Abstract

The refugee camp today has been naturalized as a product of failed international idealism and political expediency that serves as a timeless reminder of the plight of displaced peoples. This article explores the refugee camp’s origins as a product of a late Victorian imperial and military legacy and the contingencies of World War I. The use of the concentration camp as a tool to provide refuge and control displaced populations began during the war as a humanitarian measure. Part of a larger world of camps that interned civilians, prisoners of war, and refugees during World War I, the refugee camp in the Middle East existed at the crossroads of Allied military objectives and the Western-led humanitarian movement.
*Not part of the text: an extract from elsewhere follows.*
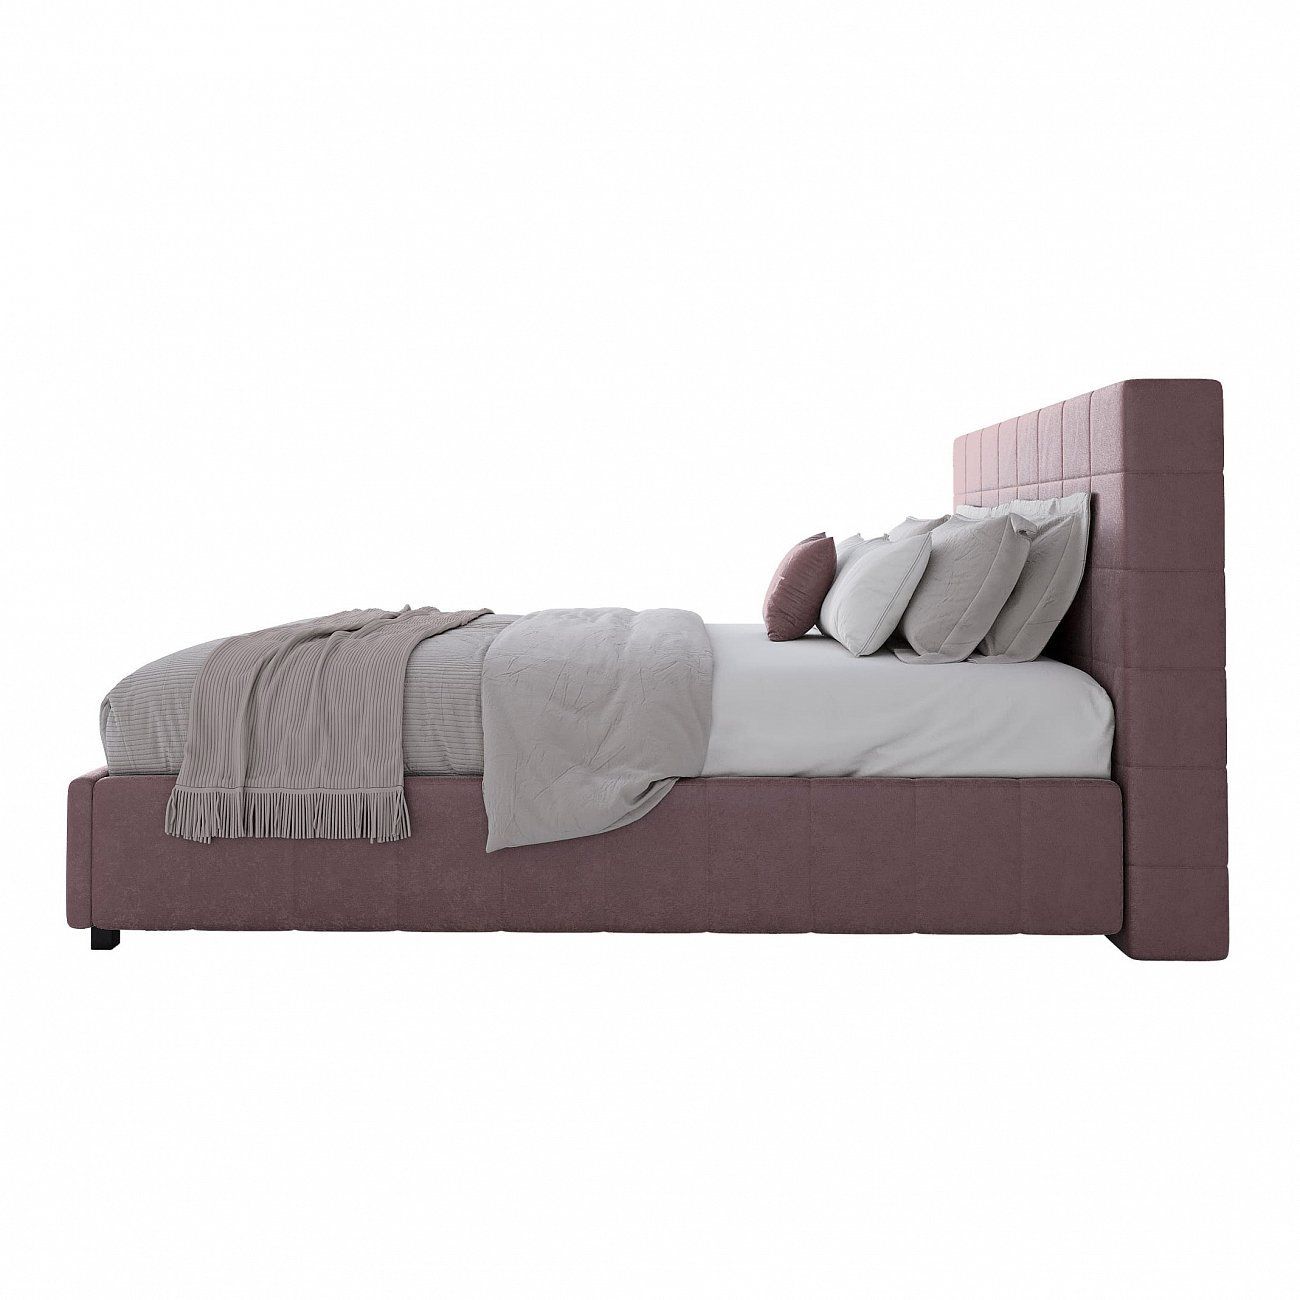 Double bed 160x200 cm dusty Rose Shining Modern

In the wake of victory in the east, the army of occupation, aid workers, and local actors fashioned the concentration camp as a site of refuge as part of an emerging international order. American relief efforts led by Near East Relief and later the League of Nations have been well studied. Less understood is how and why Britain, due to the central role it played in combat operations and eventually in dividing up the Middle East with its French ally, guided and shaped norms and conditions for dealing with displaced peoples. Ultimately, the experience of total war shaped Allied war strategy regarding civilian populations during the humanitarian crisis that engulfed the east. It produced the refugee camp as an ostensibly temporary solution to what became for many a permanent problem of statelessness.